ПАРИЖА НЕ БУДЕТ
«Зойкина квартира». М. А. Булгаков.
Екатеринбургский театр кукол.
Режиссер Игорь Казаков, художник Татьяна Нерсисян.
Черно-красные обои с тяжелым цветочным орнаментом; двери квартиры, обрамленные лампочками, как зеркала в гримерках; лихой вальсок. В середине сцены — груда чемоданов разных размеров, а на них — торжествующая, получившая «бумажку» Зоя Пельц в белом платье с заниженной талией, как носили в 20-е. Так начинается «Зойкина квартира» Екатеринбургского театра кукол. Заканчивается спектакль зеркальной мизансценой: в центре сцены груда из чемоданов, кукольных рук и ног, выломанных дверей, частей интерьера, за этой грудой потерянно стоит хозяйка, а над ней тревожно качается одинокая желтая лампочка. От первой точки до последней — череда известных событий пьесы Булгакова.

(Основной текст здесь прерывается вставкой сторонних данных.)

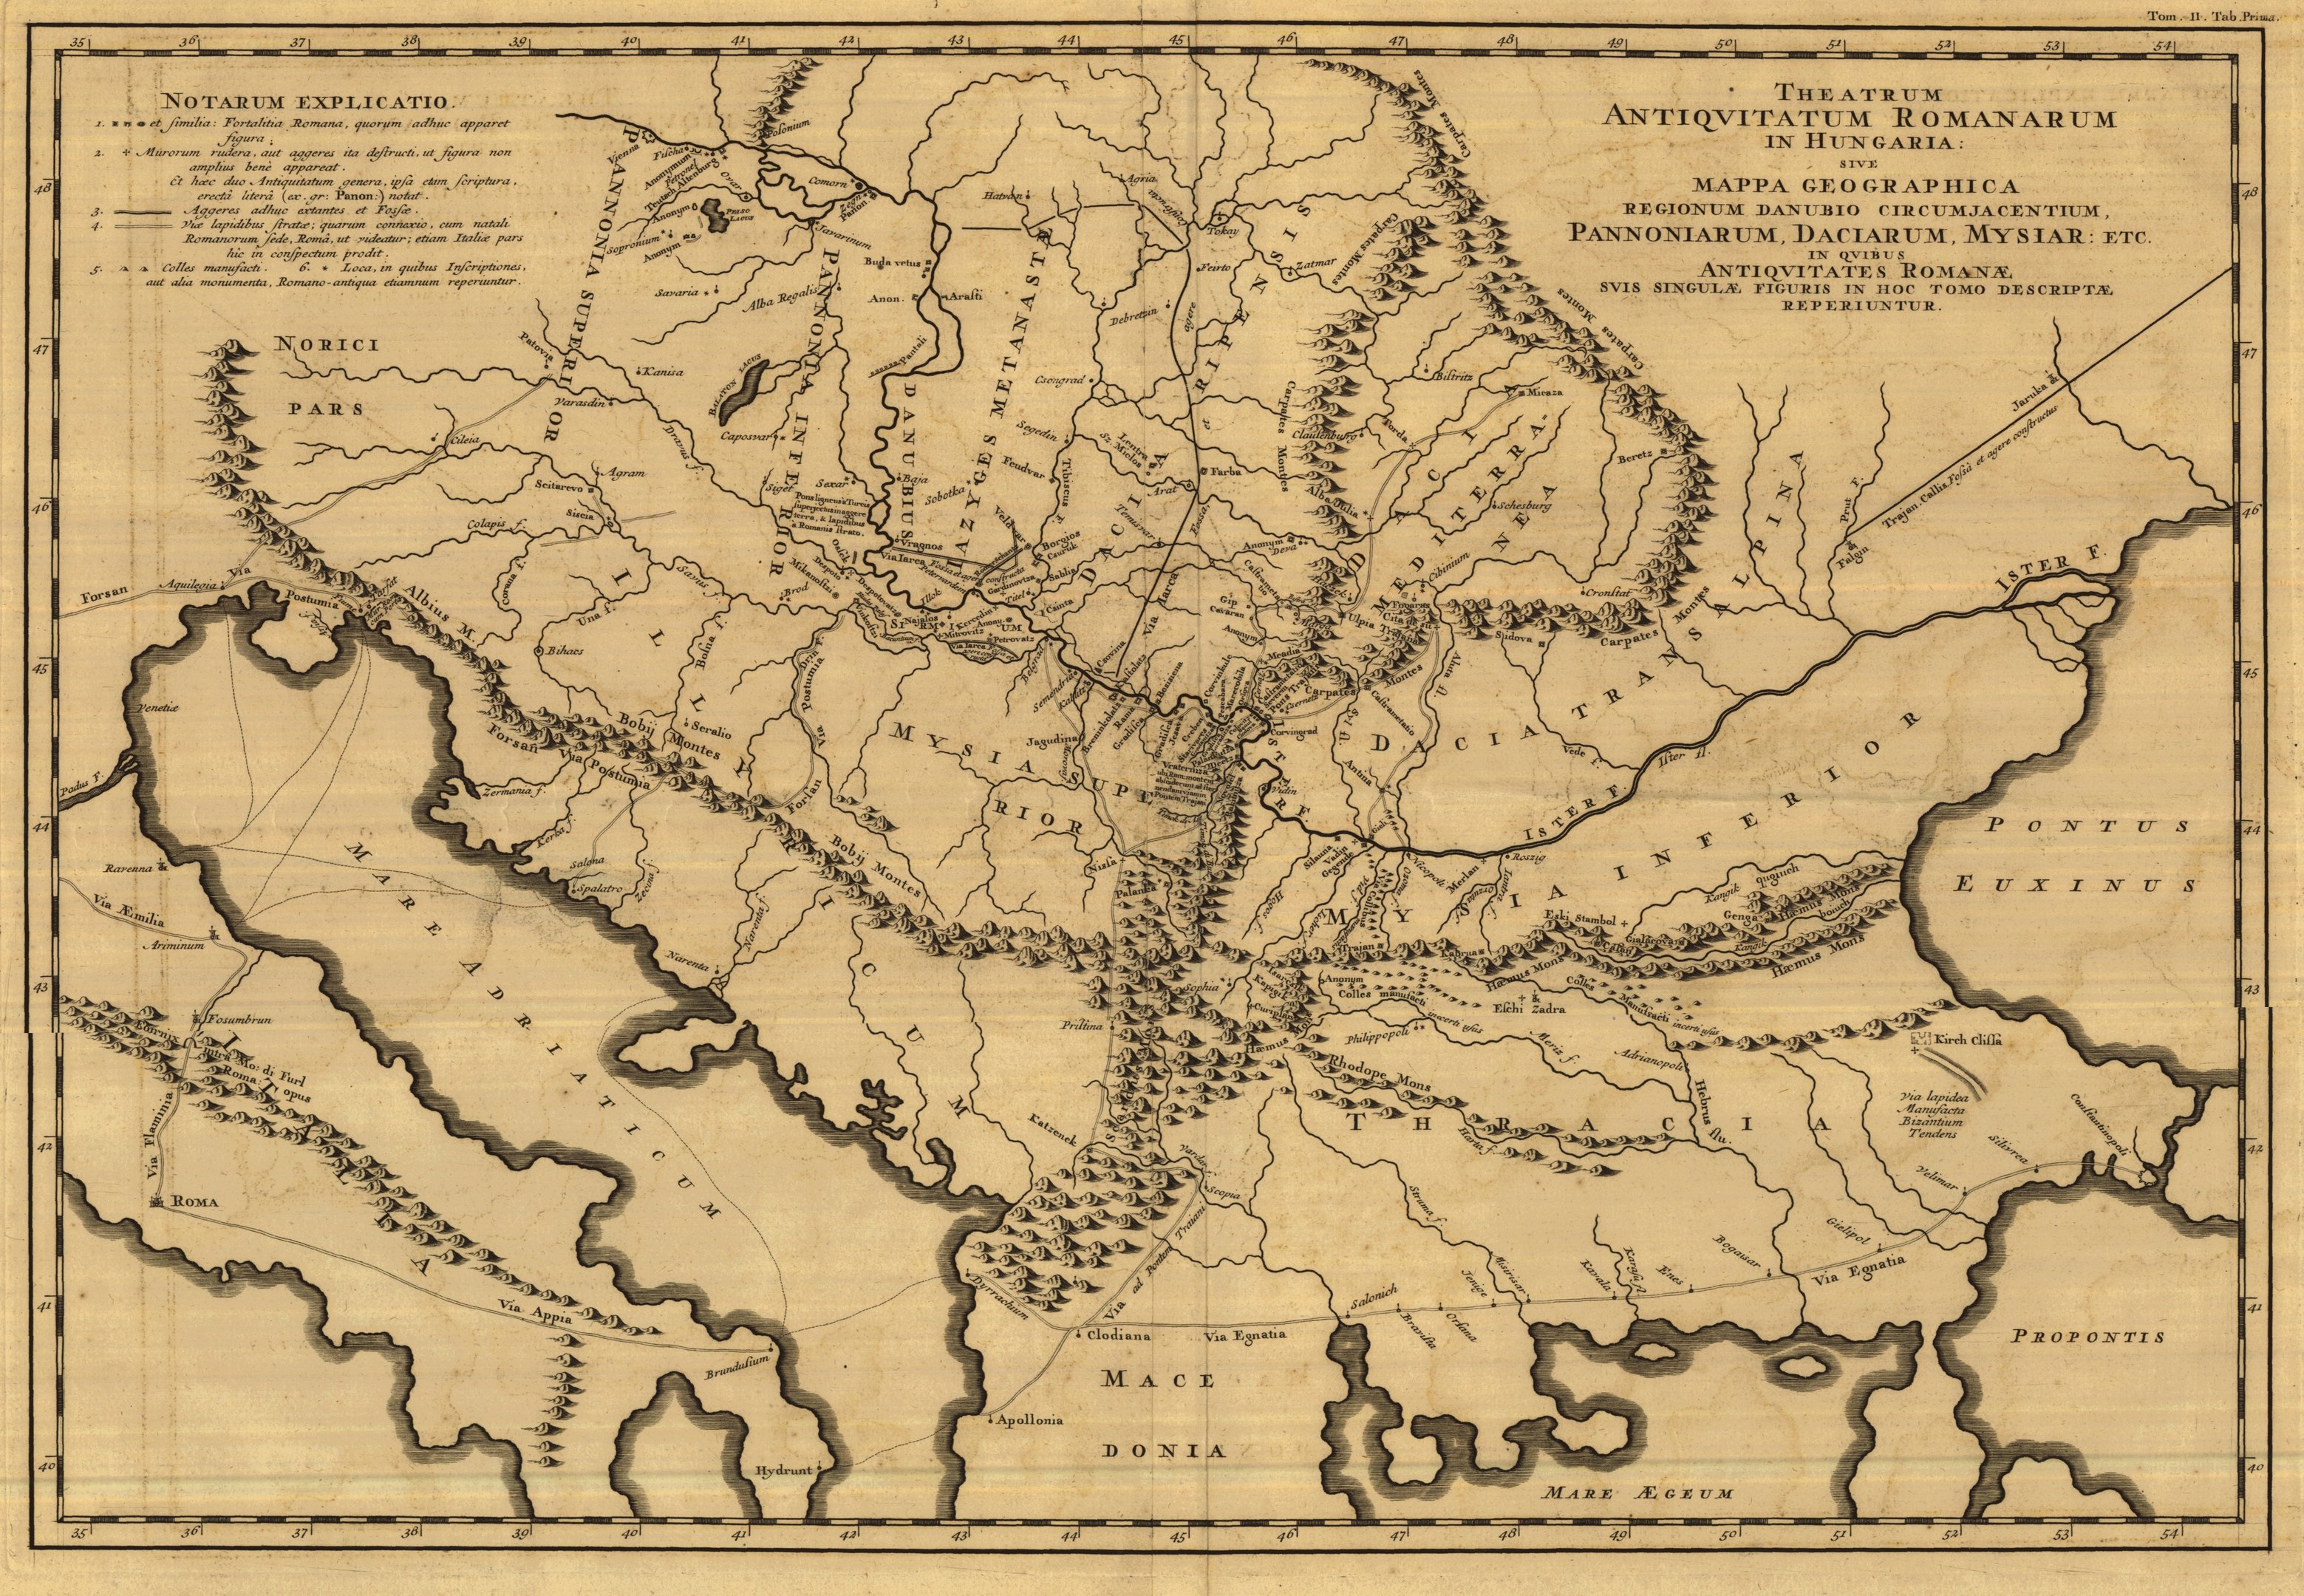 A Magyarországon található római régiségek helyét feltüntető geográfiai térkép, 1726 (Magyar Környezetvédelmi és Vízügyi Múzeum - Duna Múzeum CC BY-NC-SA)

В нэповской Москве вдова Зоя Пельц открывает публичный дом под видом швейной мастерской, вместе с ней работают ее возлюбленный Обольянинов, шулер-кузен Аметистов, китаец Херувим и горничная Манюшка. Пельц мечтает заработать и уехать с Обольяниновым в Париж. Спонсирует «квартиру» коммерсант Борис Гусь-Ремонтный, влюбленный в Аллу Вадимовну, которая тайно работает в «мастерской» и, в свою очередь, тоже хочет уехать в Париж, но без него. В финале Гуся убивает Херувим, Аметистов сбегает, а Зою арестовывает уголовный розыск.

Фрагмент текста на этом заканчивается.